If there was one thing that I felt did take a step back here it would be the presentation of the story. The story is a generally non-linear set of sections sandwiched between a fixed start and end. What this means for the player is that once they get into the world, they can generally pick the direction they want to go. Each smaller region of the overall game world was its own self-contained experience where entering the zone triggers some story moment to occur, with the zone having its own plot line, side characters, and wrap up moment. However, that section of the game could occur in any order, so it had very little in terms of ties to anything else.

The practical impact for me is that this title felt like what would normally be a series of smaller independent expansion packs, rather than a whole new title. Each section kind of gets you an upgrade path of some sort and a character that ends up being important later-ish but because they have to work independently it often feels a lot like the zones are – for lack of a better description – nerfed down to just kind of be played through. Narratively it works well, but I’m not sure it was the best for gameplay purposes. On the other hand, when it does tie together for the final zone of the game, the toolbox as a whole works incredibly well so I’m not sure I’m overly fussed that each tool you gained had its own zone to learn the thing in with repeated use.

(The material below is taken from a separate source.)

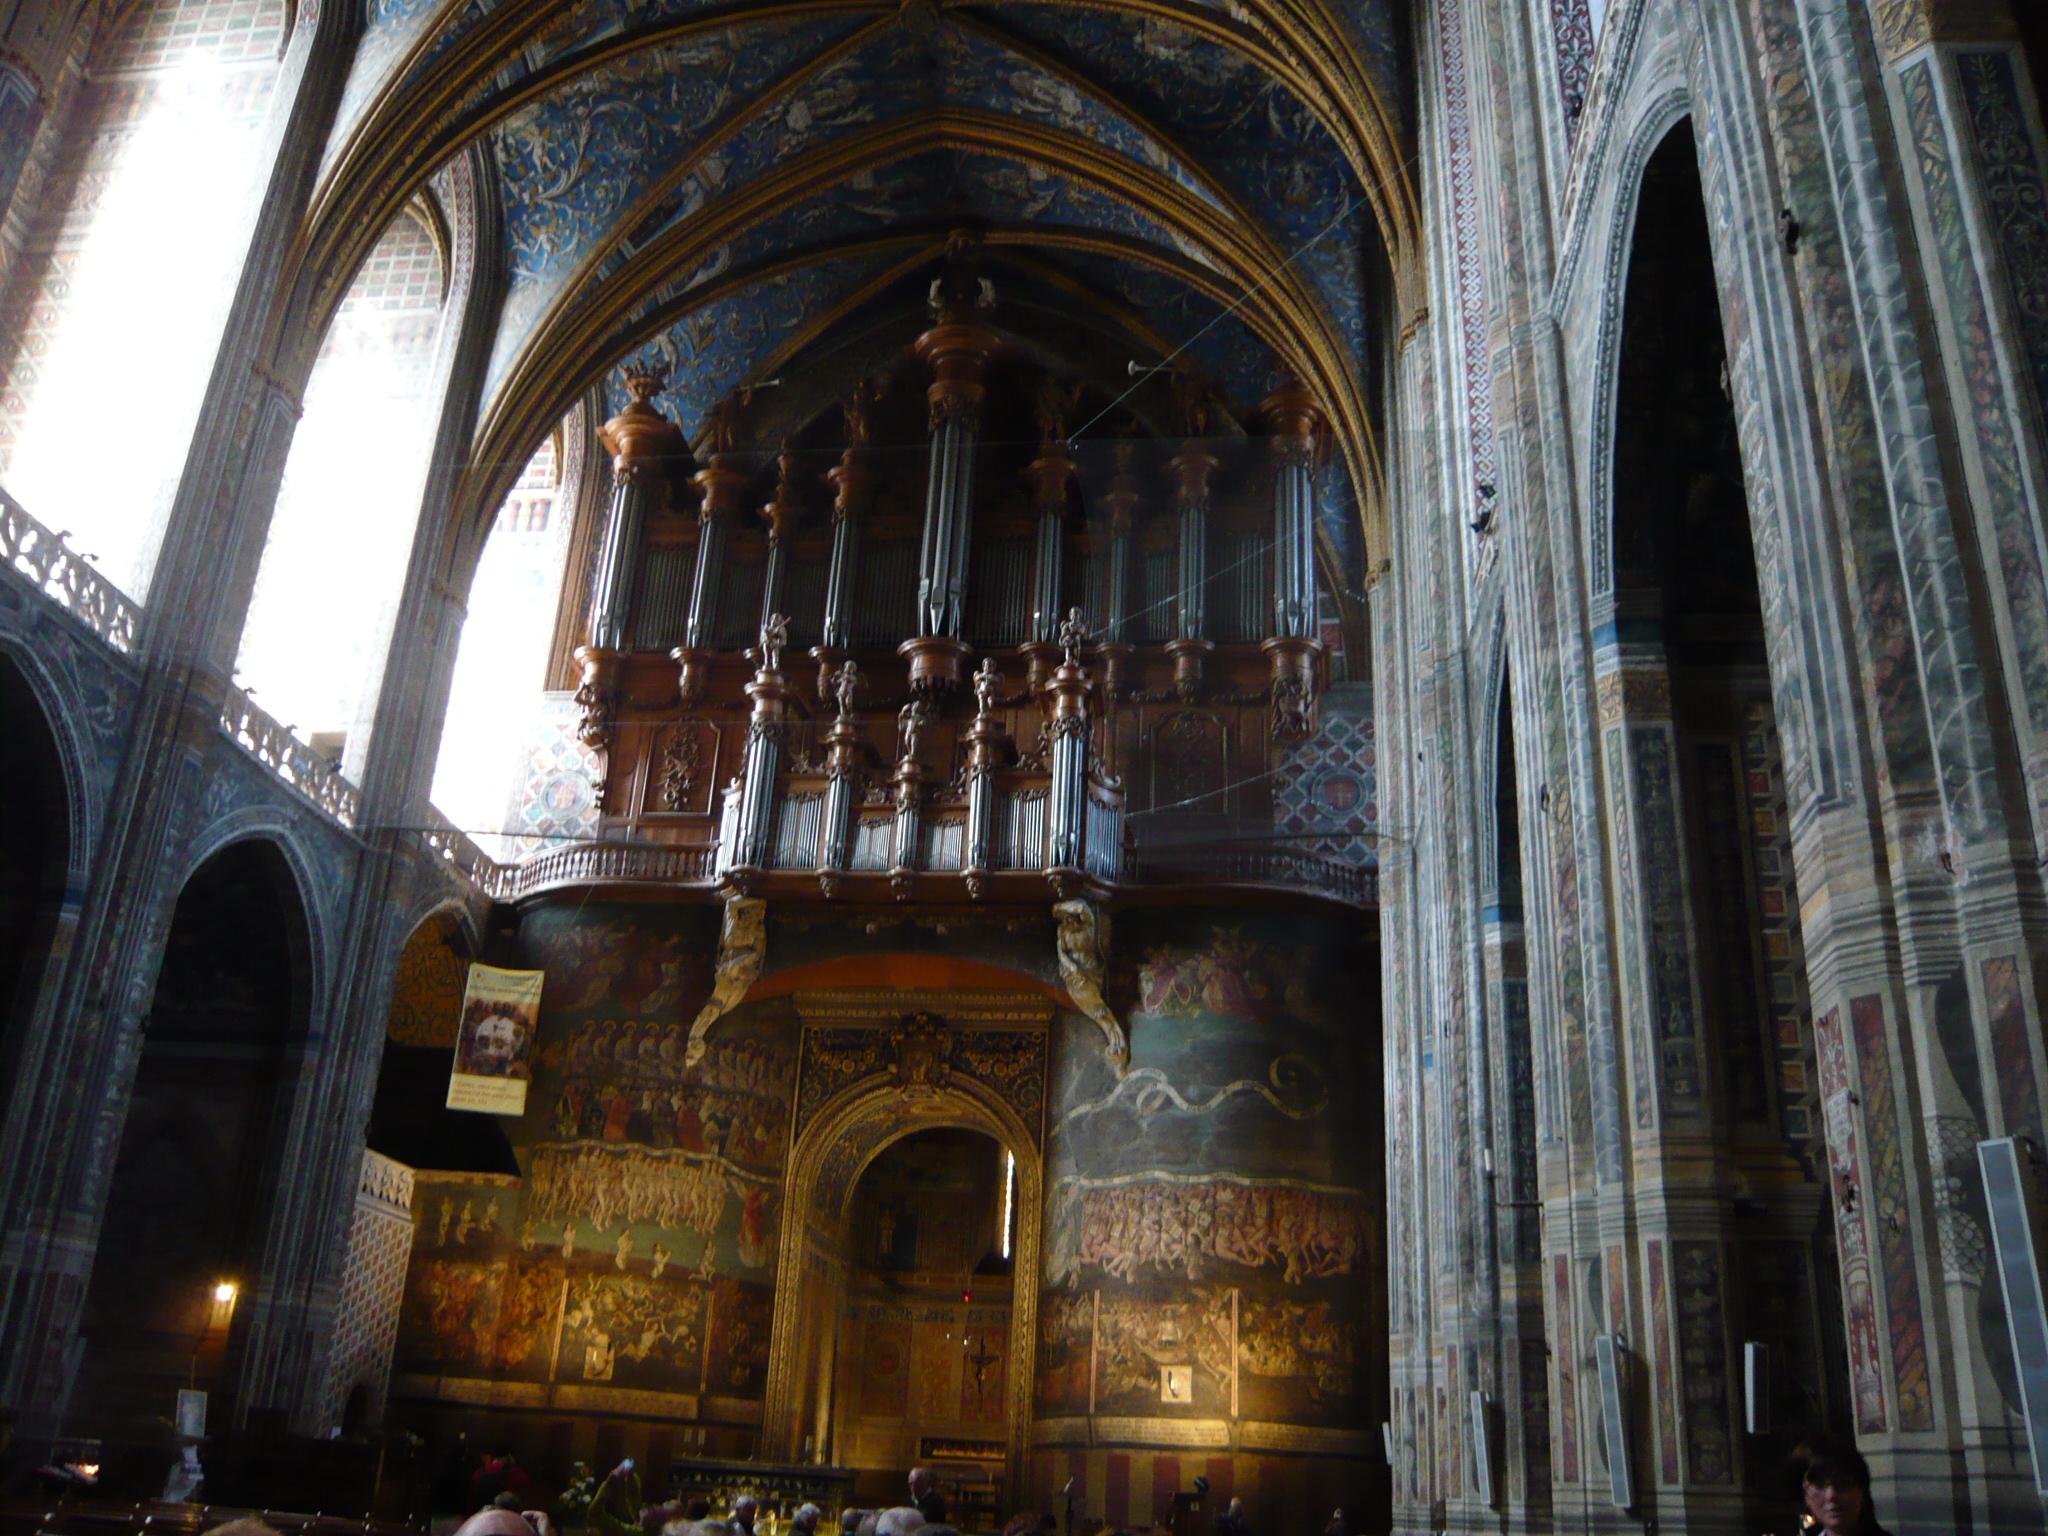 Le grand orgue au dessus du jugement dernier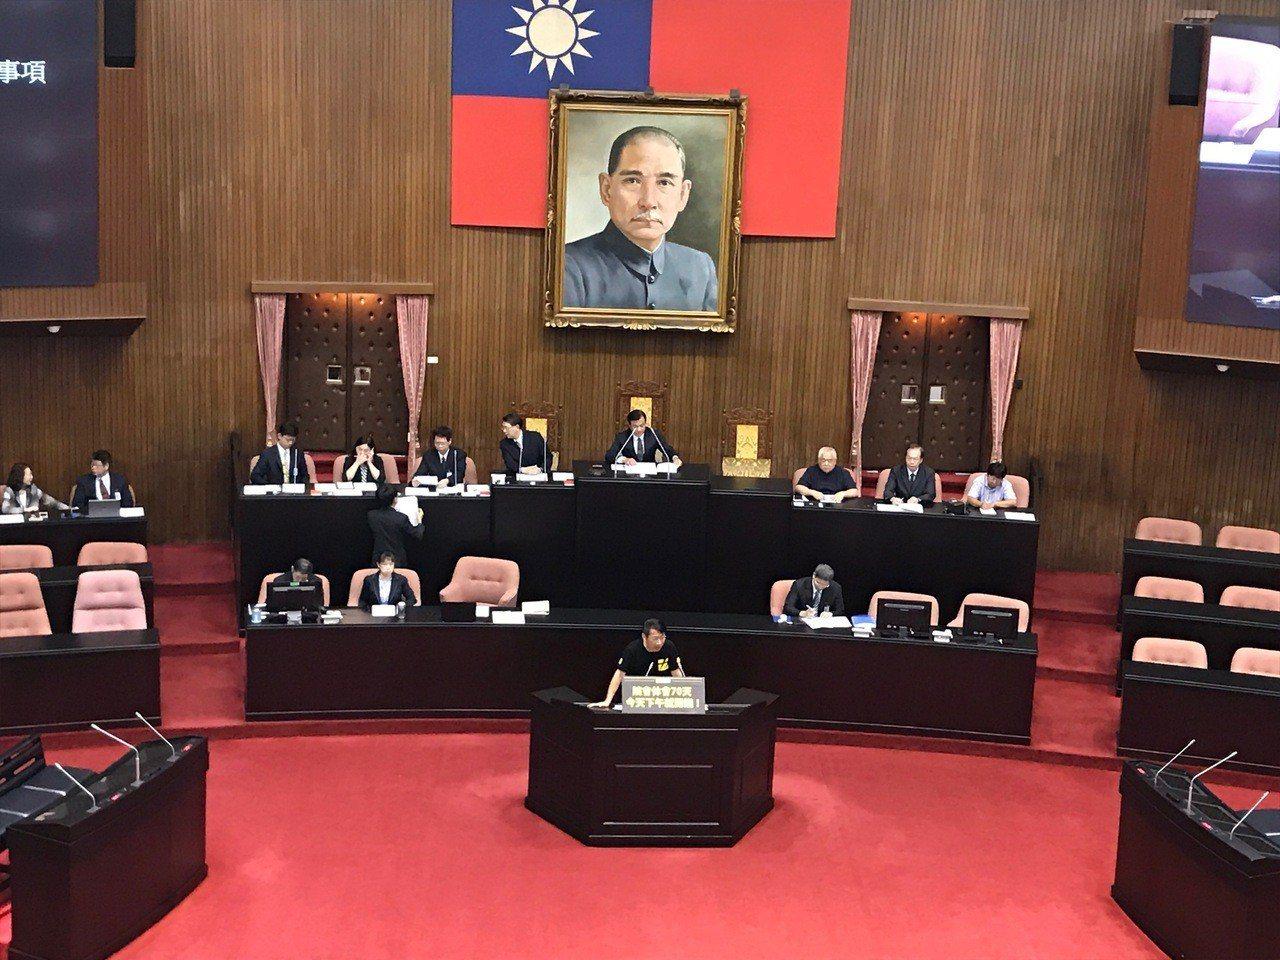 立法院今天上午召開全院談話會討論開議日相關事宜,時代力量黨團主張今天下午就開議,...

In some respects it also felt like this change might have forced a bit more simplification of side content, which was something I enjoyed about Tsushima over the larger Assassin’s Creed games. There is still some side content in place, but apart from a couple small specific places there isn’t side content that reaches across zone lines. It helps keep the side content locked to very specific upgrade-focused bits, alongside some side quest lines that deal with things specific to zones – for example, all upgrades for kunai take place in the zone where you earn kunai. I can’t tell whether it was an intentional change to match the narrative setup, but I do think the reduced stuff continues to be a benefit to reducing boredom in games of this scope.

I said this of Tsushima:

I certainly won’t sit here and claim that this is generally an original title, but it didn’t necessarily have to be. It takes the framework established by the recent Assassin’s Creed titles, and iterates enough on it to feel like its own thing.

I think that is particularly relevant here. Ghost of Yotei feels even less original, but I don’t think it needed to be original. Tsushima was a wildly successful and fun game. This takes the core put in place there and iterates on it, and in doing so didn’t lose what made the game a standout. Yotei is a wildly gorgeous game with extremely tight combat and that’s all I really needed it to be.